Our inner critic is actually an ally. When she comes out it’s a cue to us, it’s a message that we need some extra TLC. We need to do something special to make us feel acknowledged, honored, loved, etc. Without our inner critic, we may never recognize moments that we feel hurt or vulnerable and thus, be able to connect, share and grow. We might never take that creative risk, or acknowledge our creative heart.
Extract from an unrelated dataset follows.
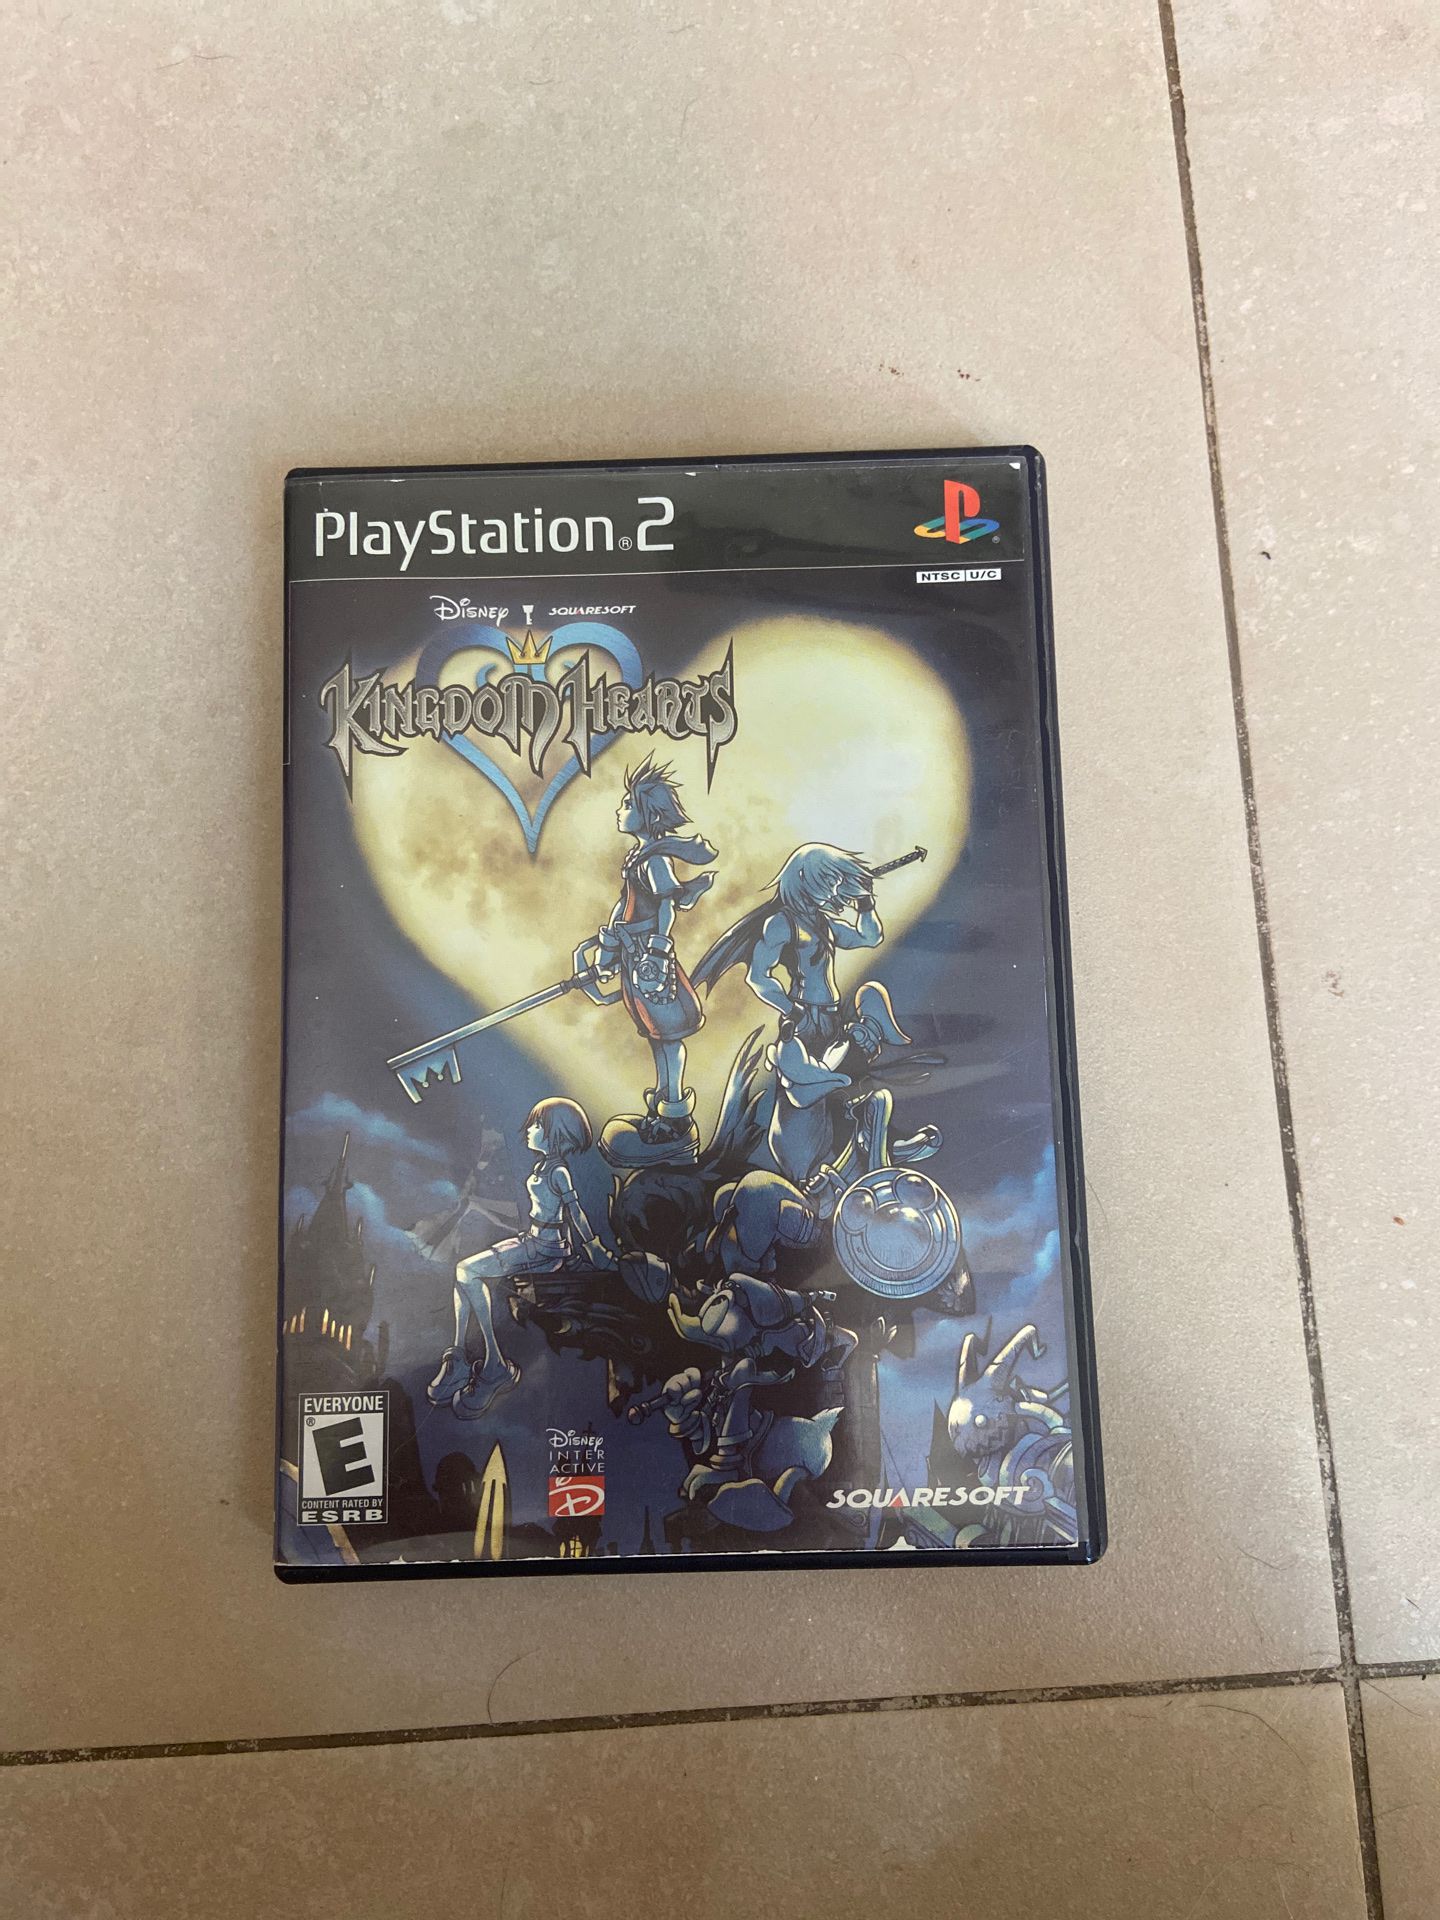 Kingdom Hearts 1 for PS2
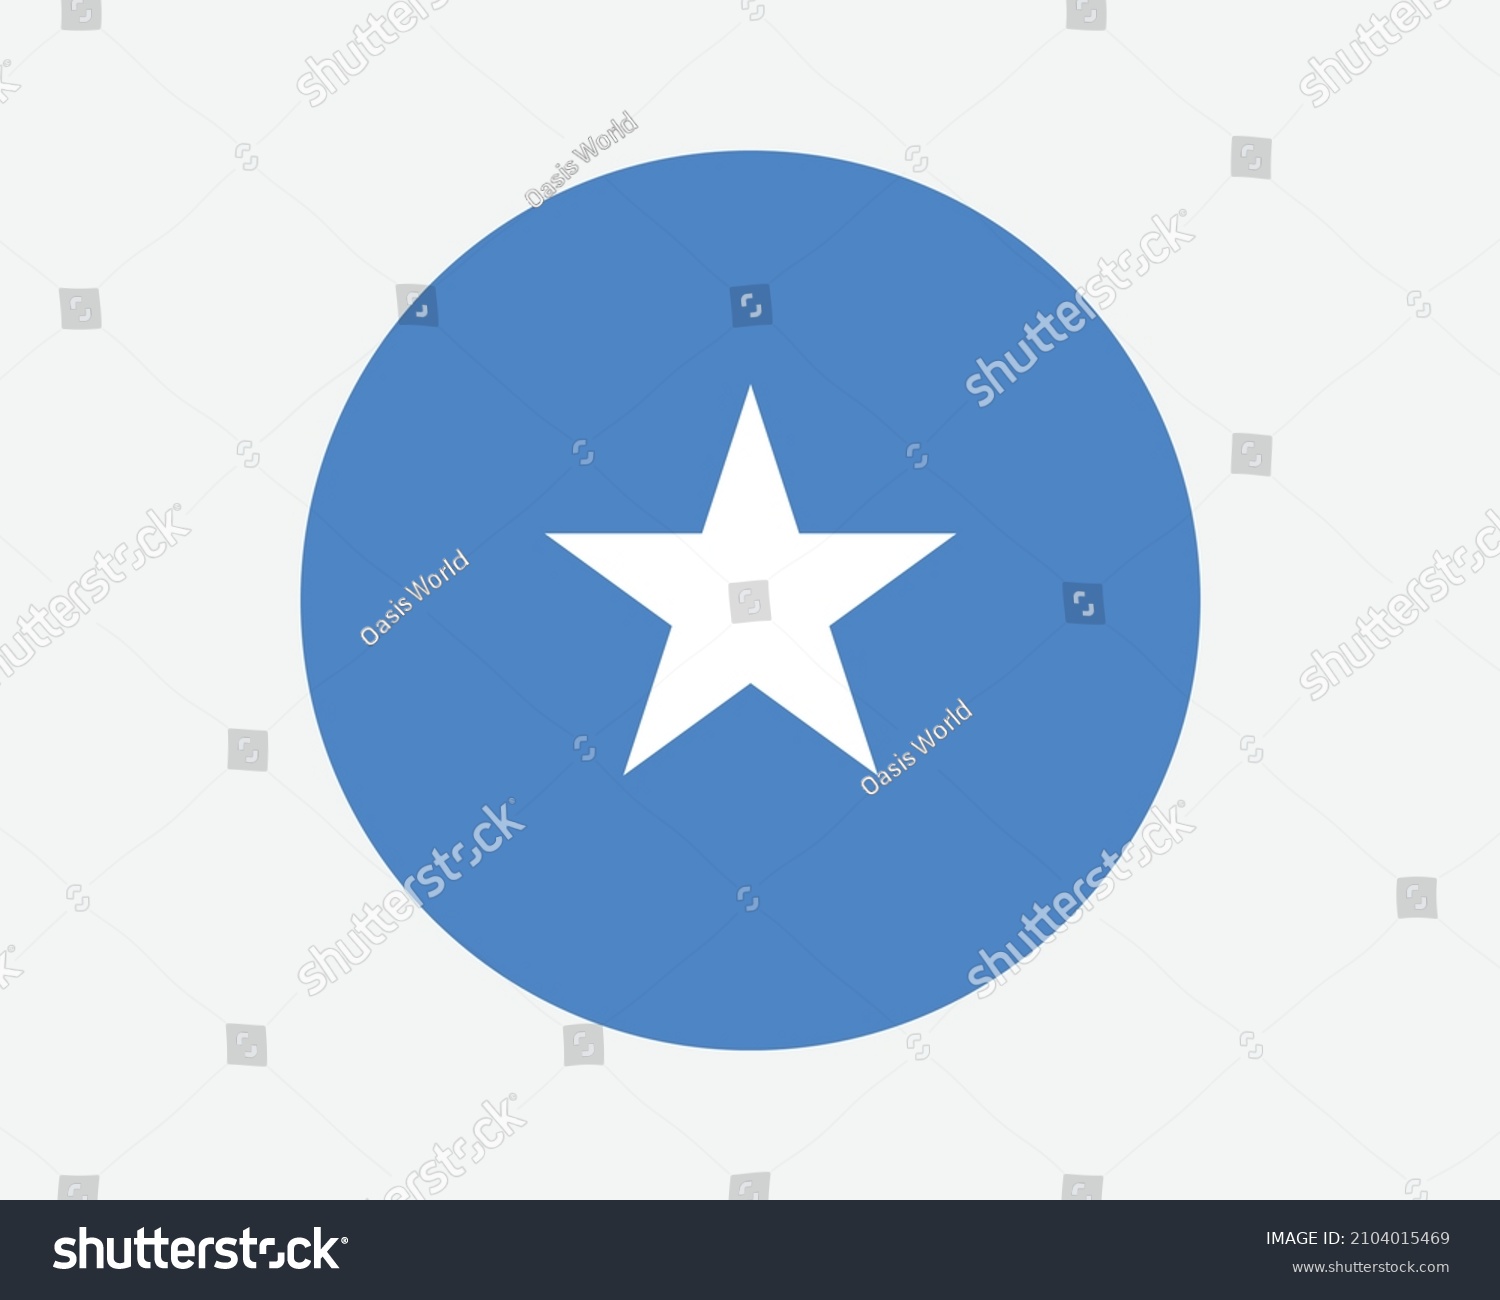 SVG of Somalia Round Country Flag. Somalia Circle National Flag. Federal Republic of Somalia Circular Shape Button Banner. EPS Vector Illustration. svg

The next time you hear your inner critic stop what you are doing. Ask yourself: what do I need right now? What would make me feel loved/connected/creative right now instead? Sit quietly. Let your brain do it’s thing. Listen. After time your answers will come more quickly. It’s like exercise or learning a dance move: it gets easier with practice.
Once you hear your answer you know what to do. This includes telling your critic to go get some rest because your inner artist is now here and taking charge. And it means no matter how silly your idea was you should do it. For me, sometimes it means blowing bubbles. Or, it can mean taking a bath in the middle of the day after I’ve already showered. It can also mean gessoing my canvases or cleaning out my studio.
The next time I begin to bristle or feel the frustration of an obstacle where my stubborn determination wants to “power through,” I know that’s a sign. It’s a cue for me to stop what I’m doing. It’s time to take a break and acknowledge my feelings, my environment and really consider what it is that I want in that very moment. What do I really need? Somedays it’s to watch a film. Other days it’s to skype with a good friend. Or, ashtanga practice may do the trick. The hard part is listening and choosing to honor that inner artist, guiding us towards ease, grace and connection.